Does it bother you when motorcycles drive between lanes of traffic? It should. It’s against the law. But two bills before the Texas Legislature would make such “lane-splitting” legal.
Both proposed Texas motorcycle laws would allow motorcycles to go between two lanes of traffic going the same direction, provided such traffic is moving 20 miles per hour or slower.
The only state which currently allows legal lane-splitting is California, which has no limits on when or where it occurs or how fast traffic is moving. But even in California, law officers advise riders not to ride between lanes unless traffic is going 30 miles per hour or less, as this increases the likelihood of a motorcycle accident.
The two Texas lane-splitting bills have differences. The bill by Rep. Sergio Muñoz Jr., D-Palmview, would require lane-splitting motorcyclists to wear a helmet. The bill by Sen. Kirk Watson, D- Austin, would not require a helmet but would limit lane-splitting to designated roads.
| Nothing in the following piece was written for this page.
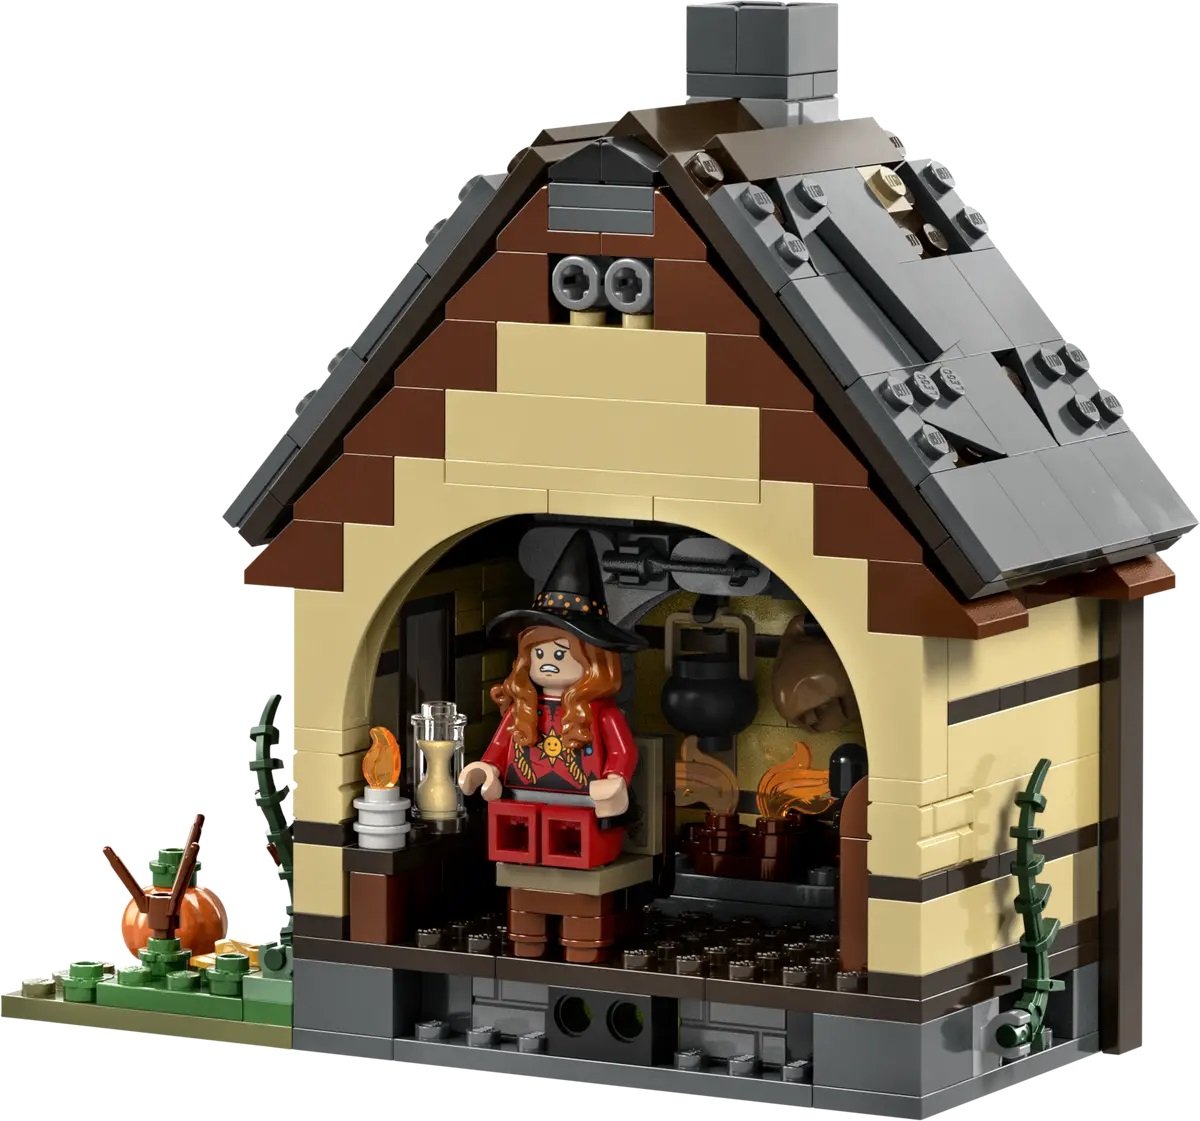 LEGO Ideas Hocus Pocus Sanderson cottage back view.

Since Texas’ helmet law was repealed in 1997, helmets haven’t been required of Texas motorcyclists who are over 21 and have insurance or have attended a motorcycle safety class. Motorcycle fatalities then rose 25%.
Clearly, motorcycle safety already is more problematic than the safety of persons in larger vehicles. Many drivers of larger vehicles simply don’t notice motorcycles — until it’s too late.
Changing Texas motorcycle laws might help motorcyclists beat some immediate traffic congestion. But in the long run, that also might lead to even more fatalities.